* Information supplied:

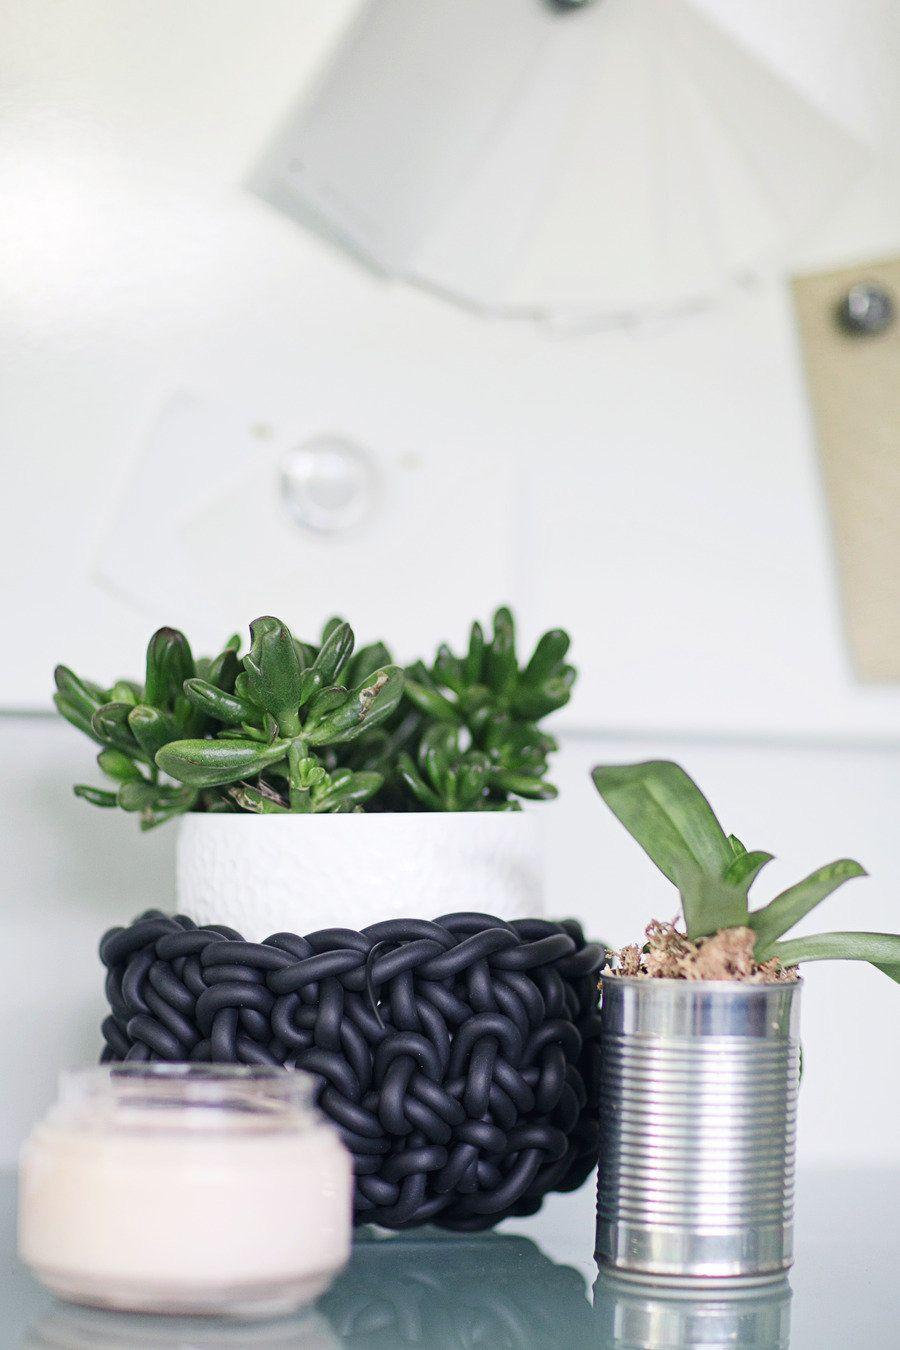 tin can as a planter #potted-plants, #plants  Photography: Heidi Geldhauser - ourlaboroflovebyheidi.com/ Design & Styling: Christina Loucks - christinaloucks.wordpress.com/  Read More: http://www.stylemepretty.com/living/2013/07/08/christina-loucks-home-tour/
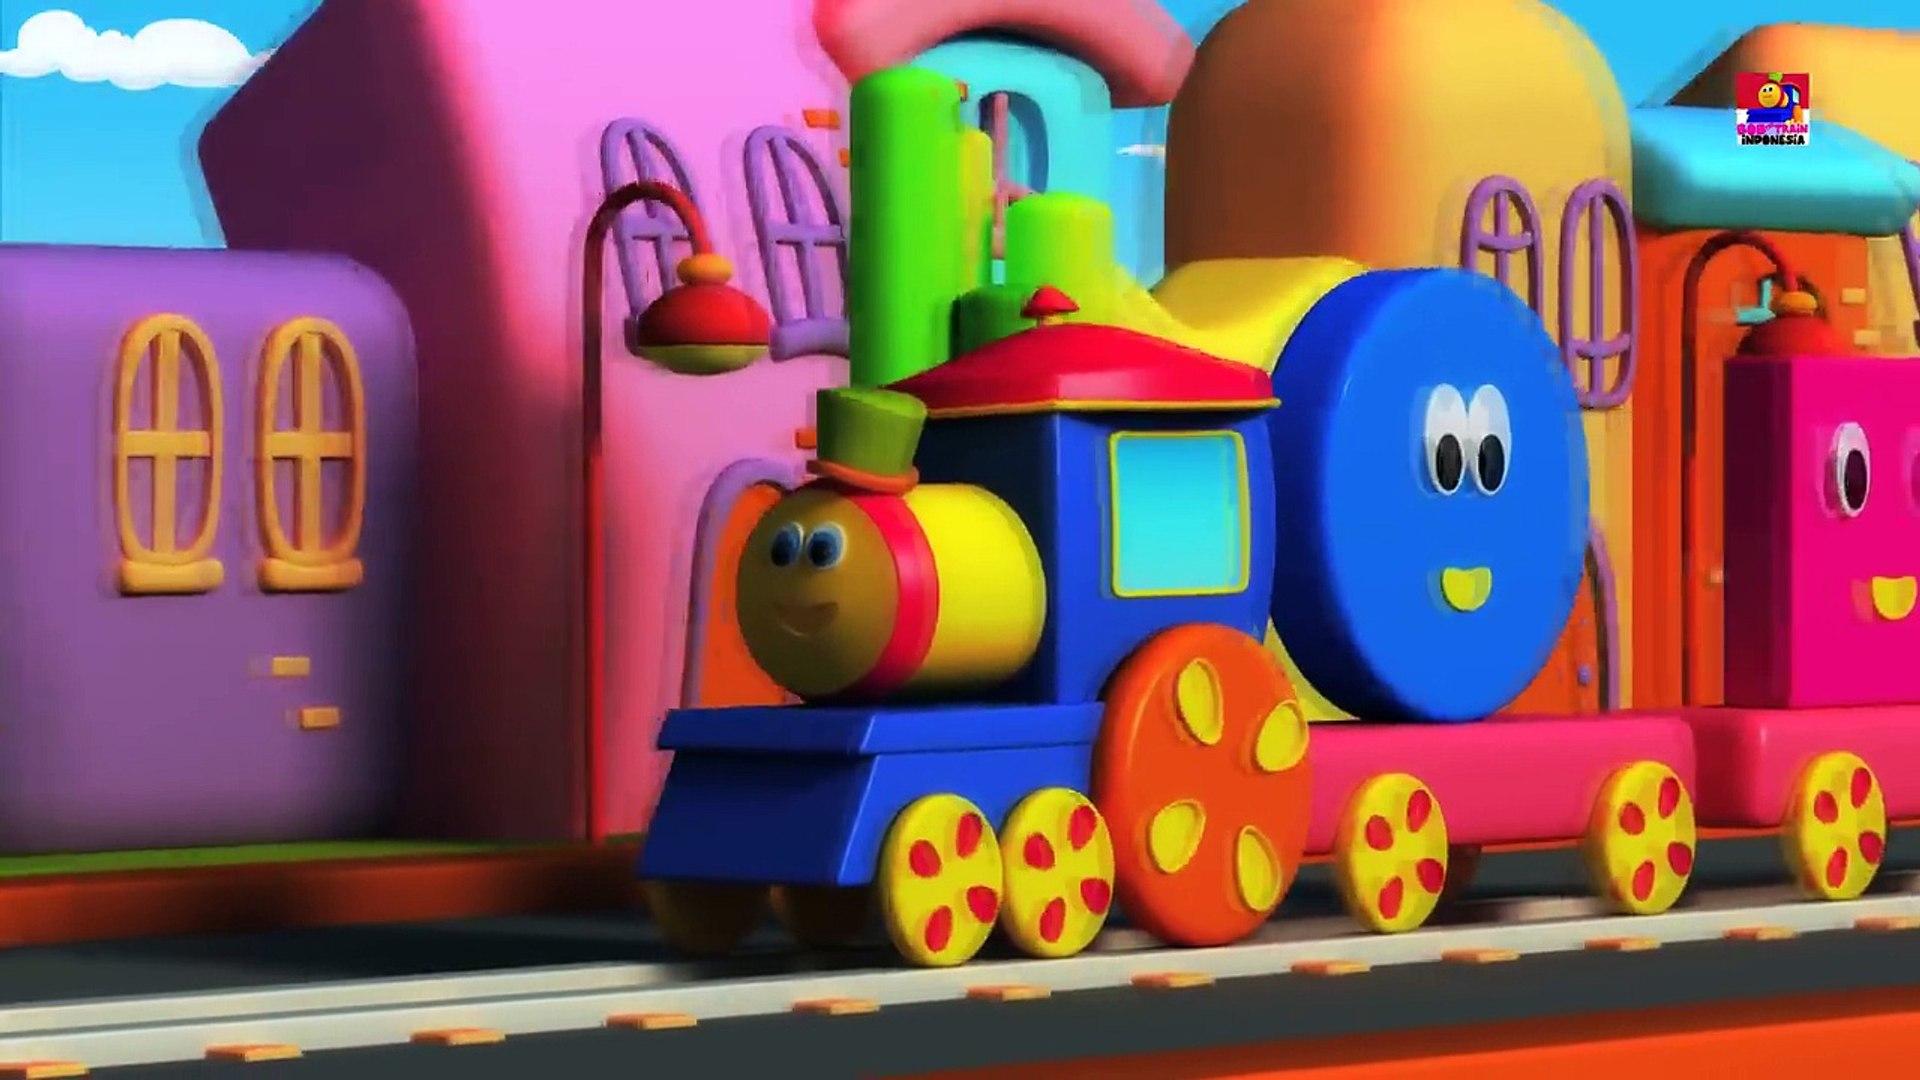 Bob Kereta Bentuknya Lagu Belajar Bentuknya Video Anak Anak Bob Train
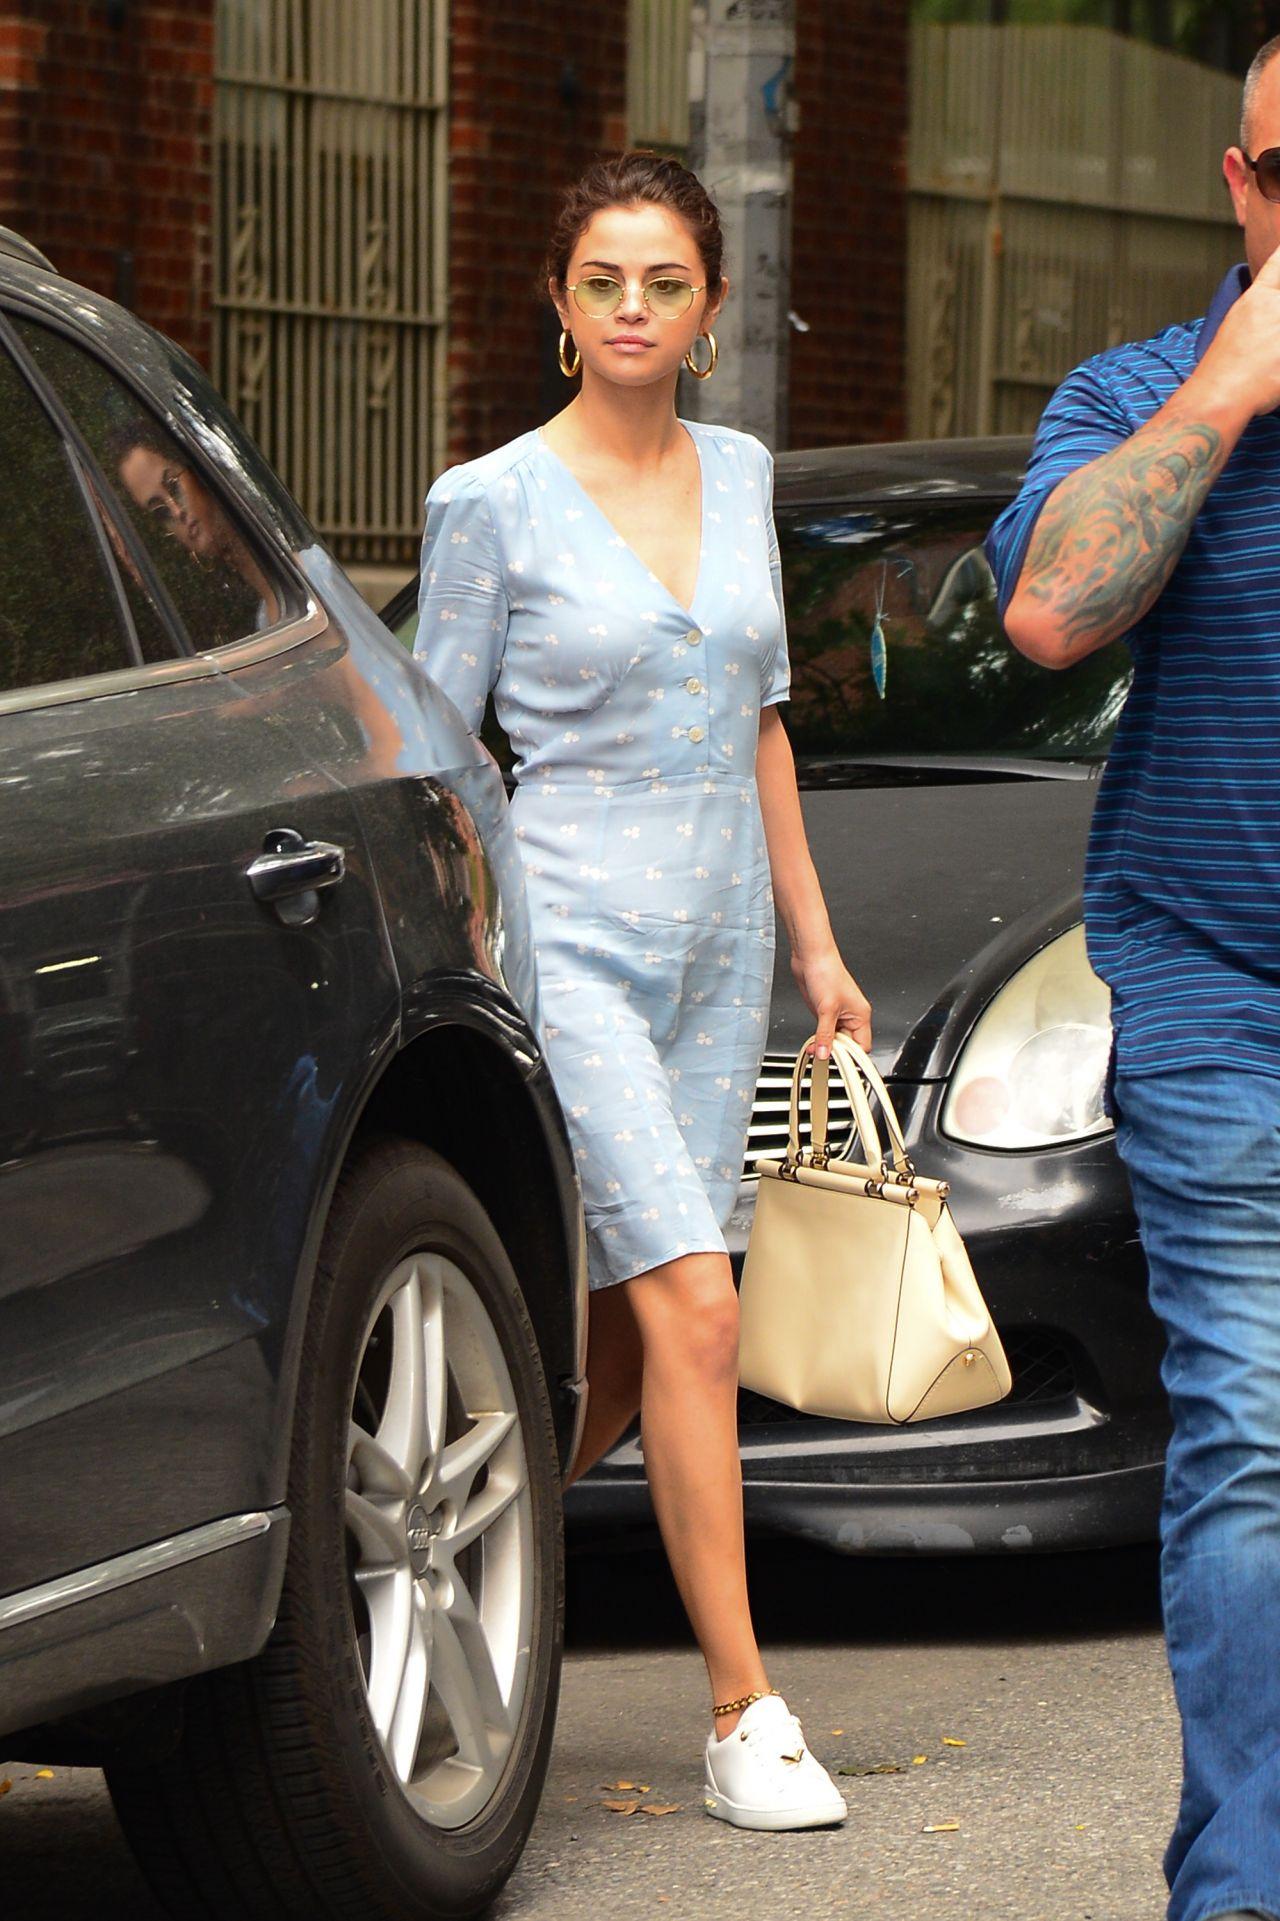 Selena Gomez Wearing A Blue Dress In Nyc 09 15 2017

* Problem:
Write out each line of the data exactly; the images should be left out.

* Output of the exercise:
 tin can as a planter #potted-plants, #plants  Photography: Heidi Geldhauser - ourlaboroflovebyheidi.com/ Design & Styling: Christina Loucks - christinaloucks.wordpress.com/  Read More: http://www.stylemepretty.com/living/2013/07/08/christina-loucks-home-tour/
 Bob Kereta Bentuknya Lagu Belajar Bentuknya Video Anak Anak Bob Train
 Selena Gomez Wearing A Blue Dress In Nyc 09 15 2017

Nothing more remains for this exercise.